* Task instructions *
After locating the line with "Hamilton Beach Electric", repeat it and every following line to the end of the listing, exactly. Omit the pictures.

* Supplied material *
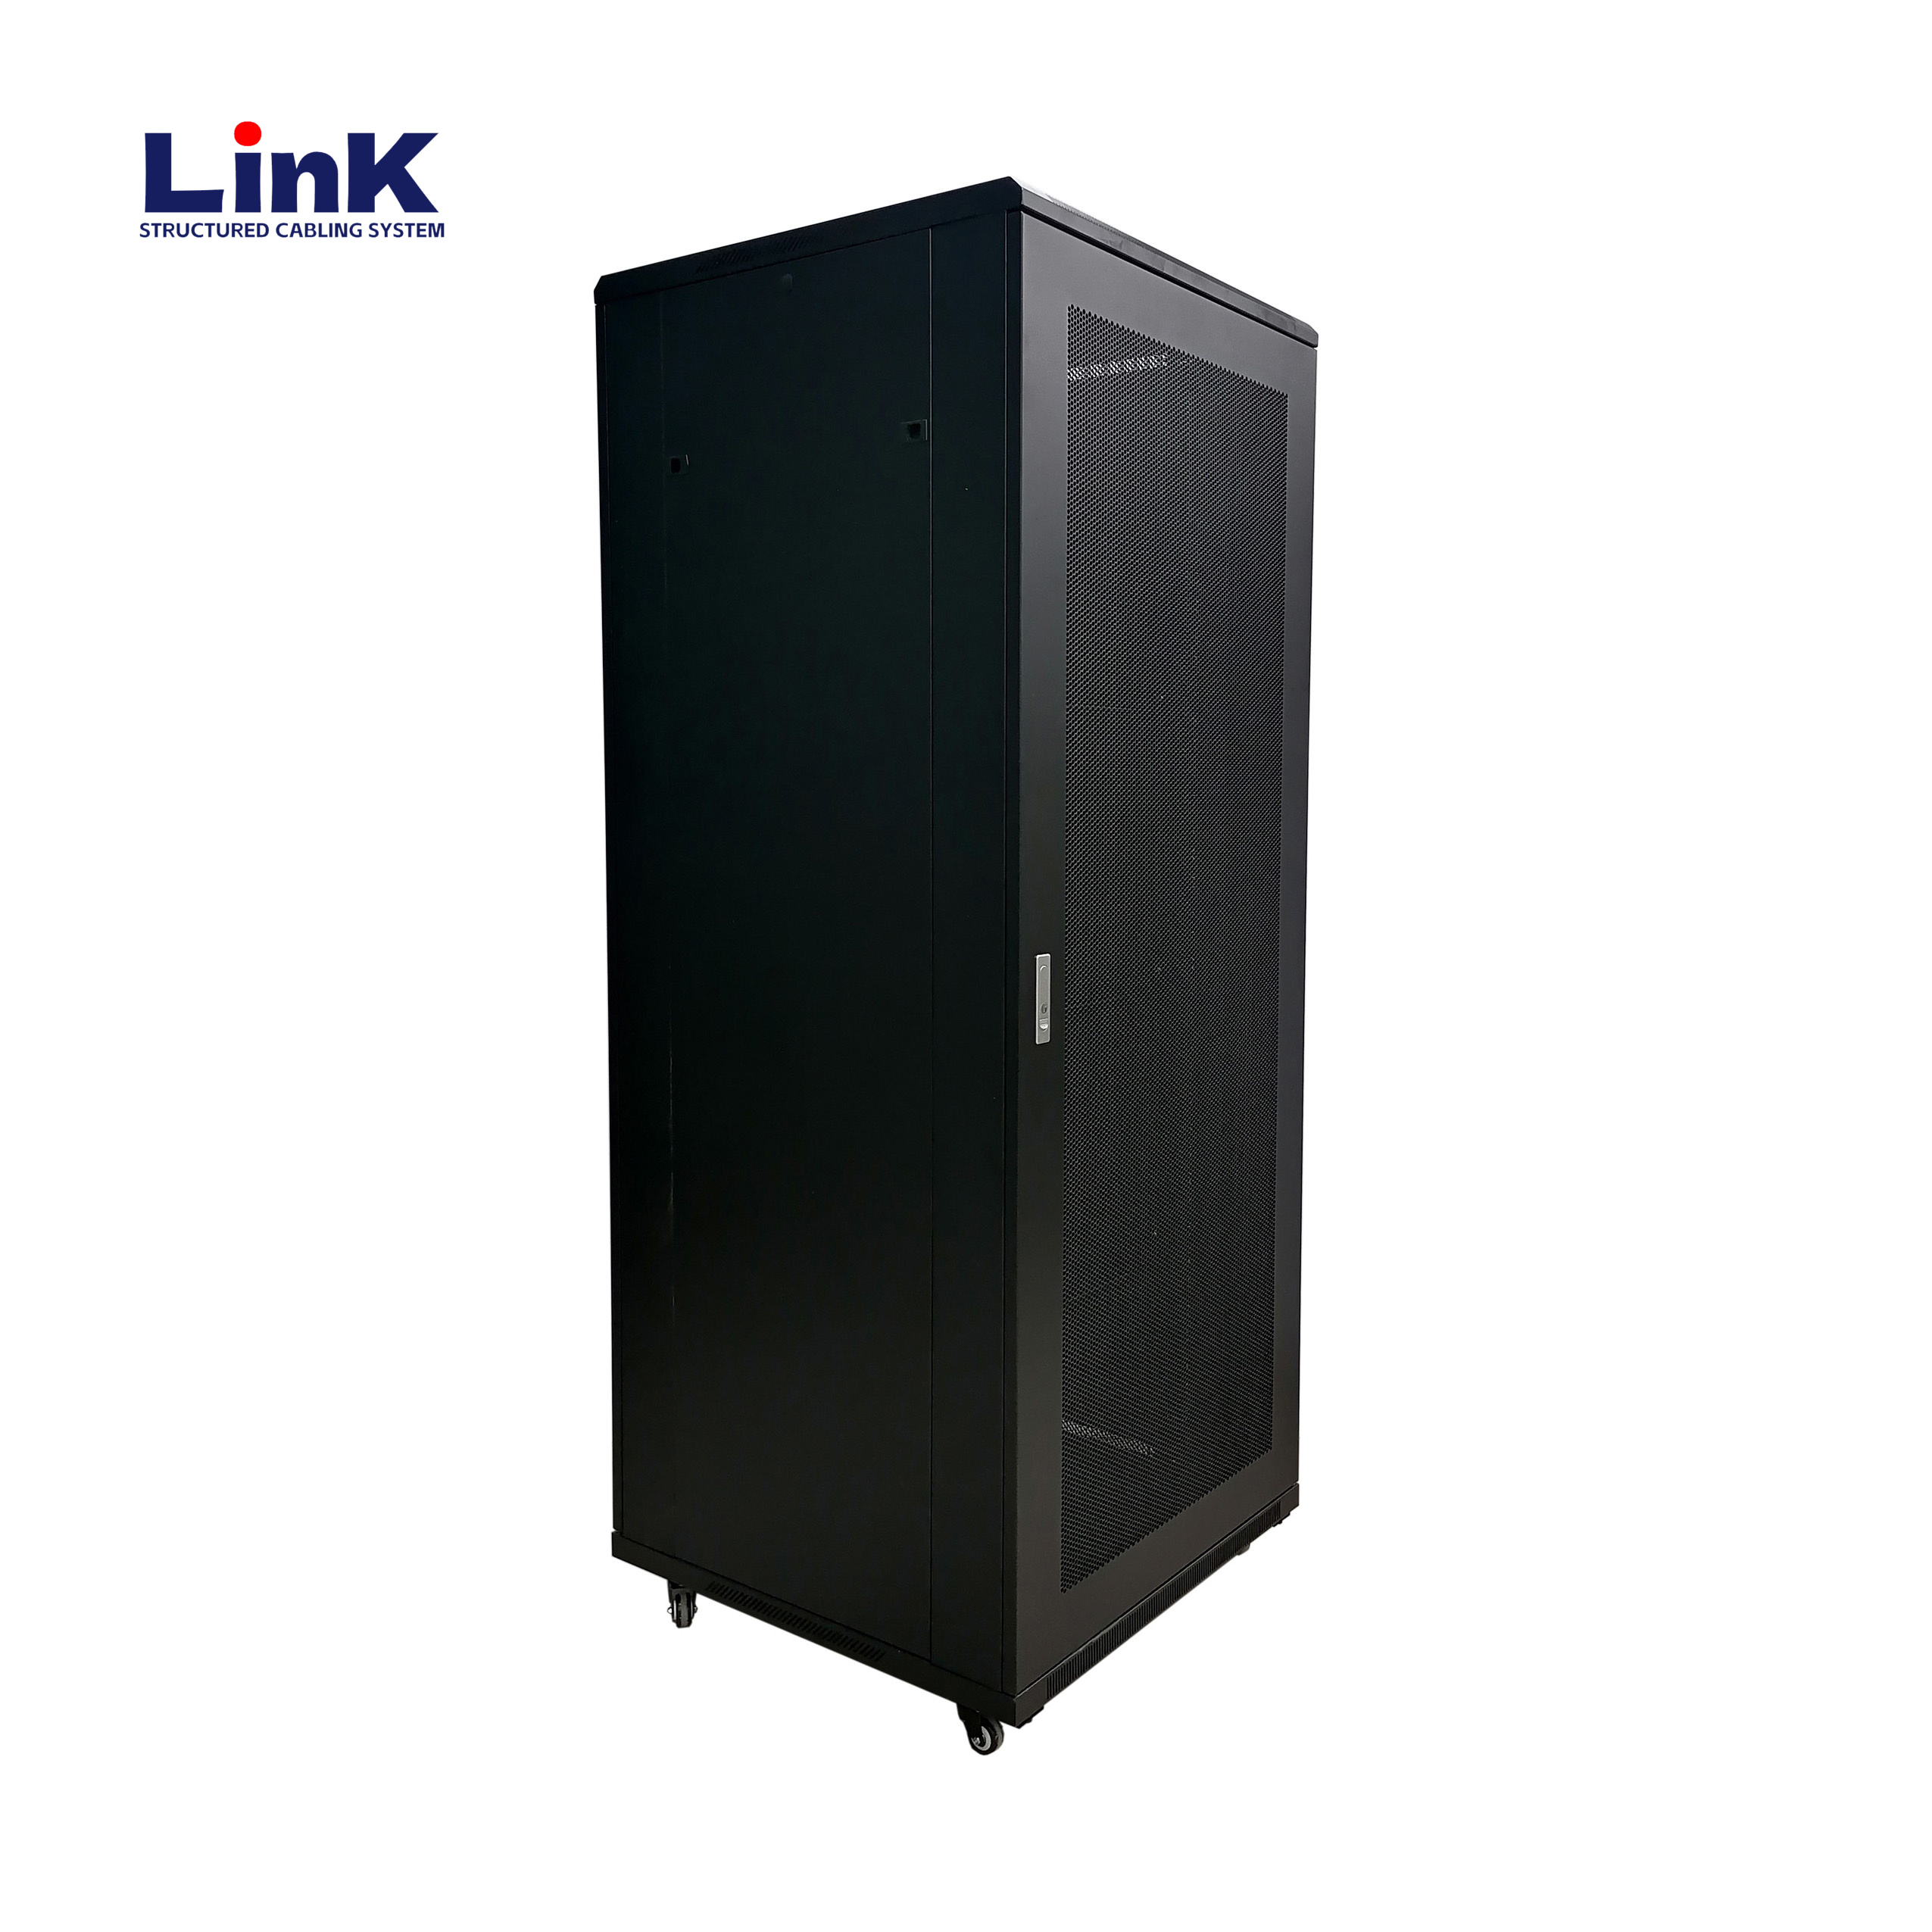 19" 42u Equipment Rack (600mm X 800mm) Floor Standing Server Cabinet with casters
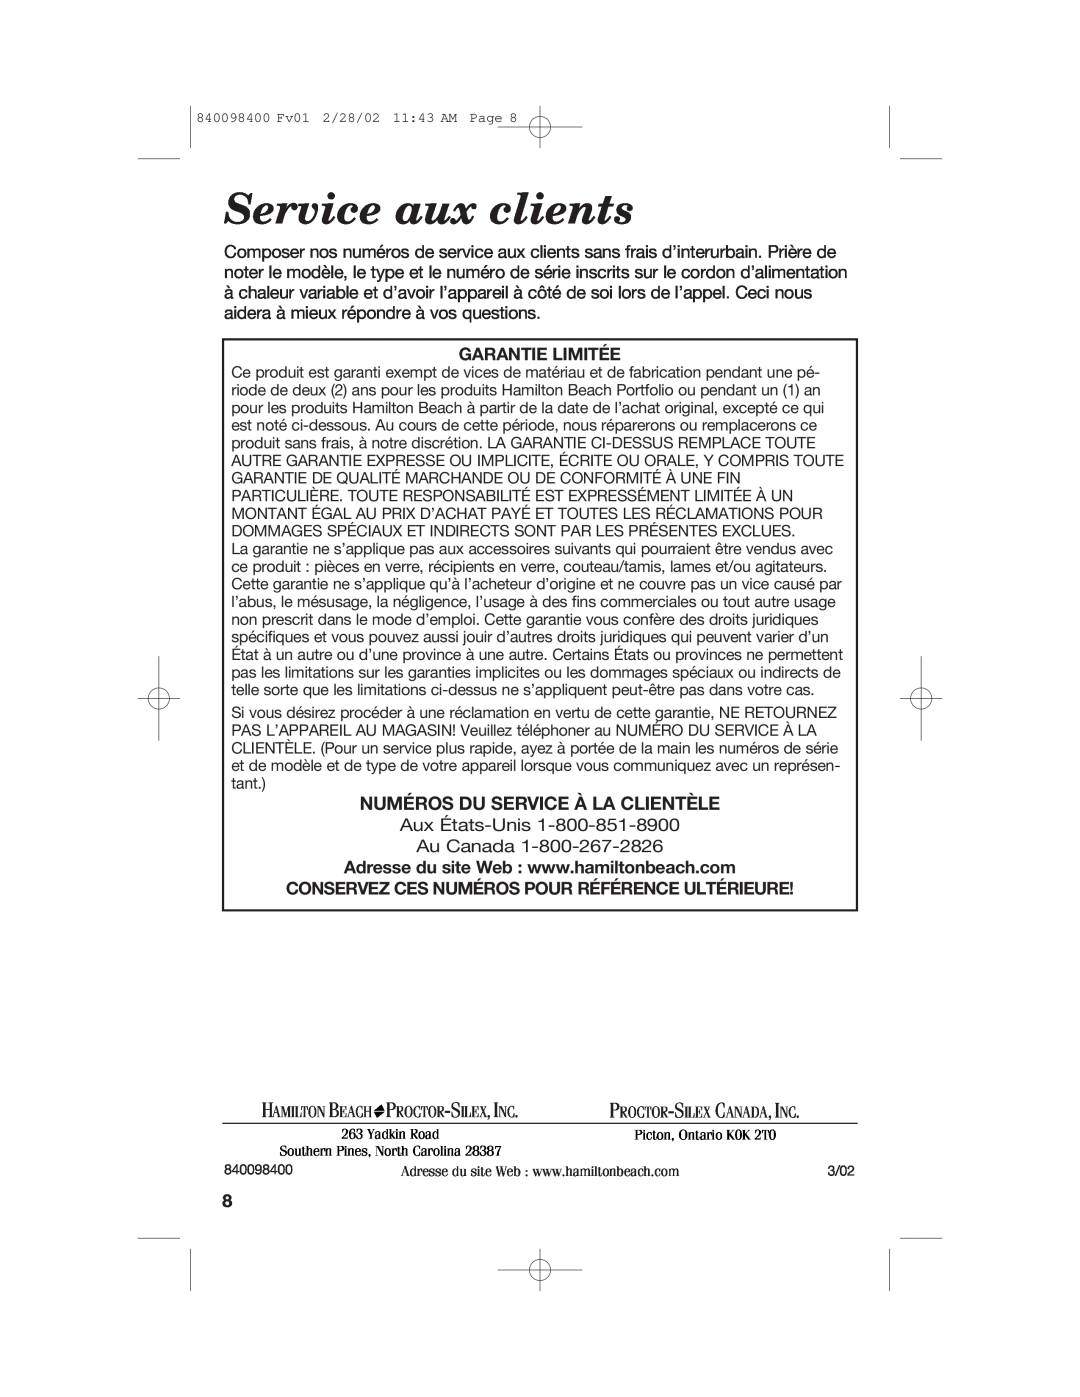 Hamilton Beach Electric Griddle manual Service aux clients, Numéros Du Service À La Clientèle, Garantie Limitée 
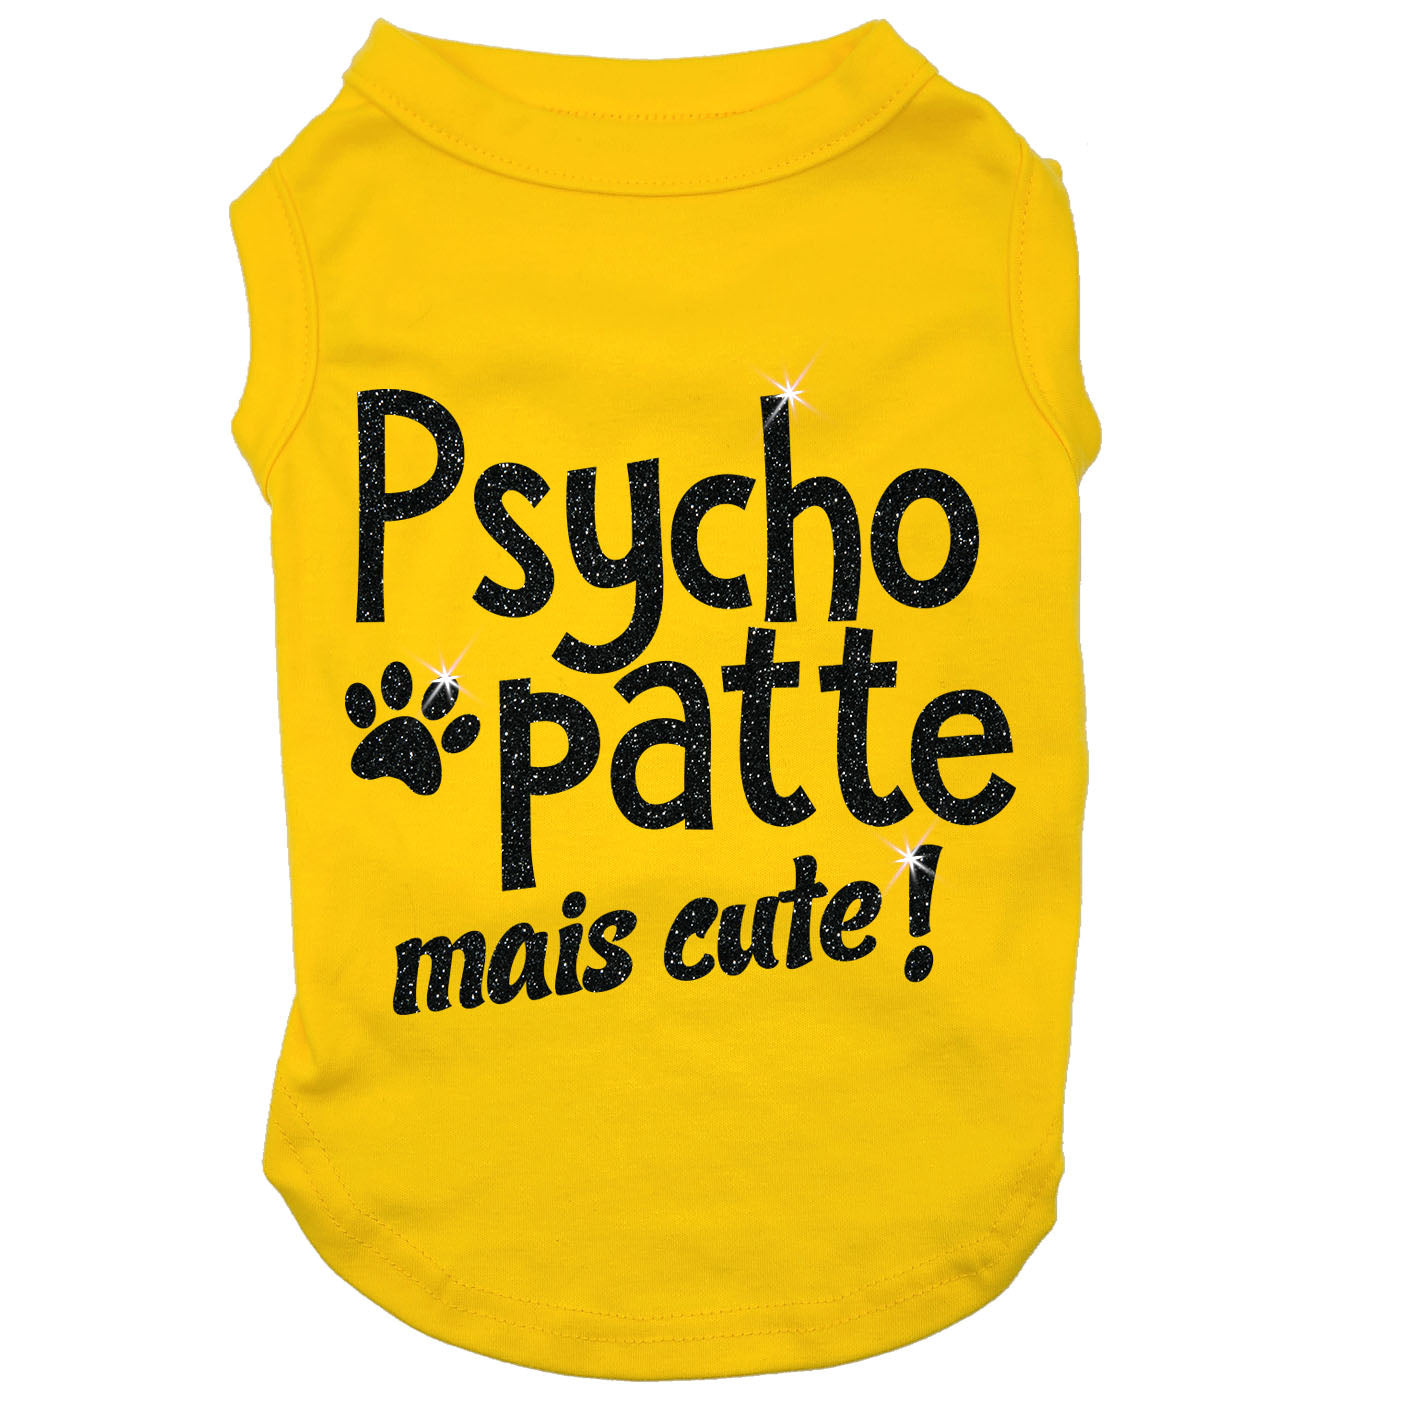 Psycho-patte mais cute, t-shirt pour chien

* Written response *
 Hamilton Beach Electric Griddle manual Service aux clients, Numéros Du Service À La Clientèle, Garantie Limitée 
 Psycho-patte mais cute, t-shirt pour chien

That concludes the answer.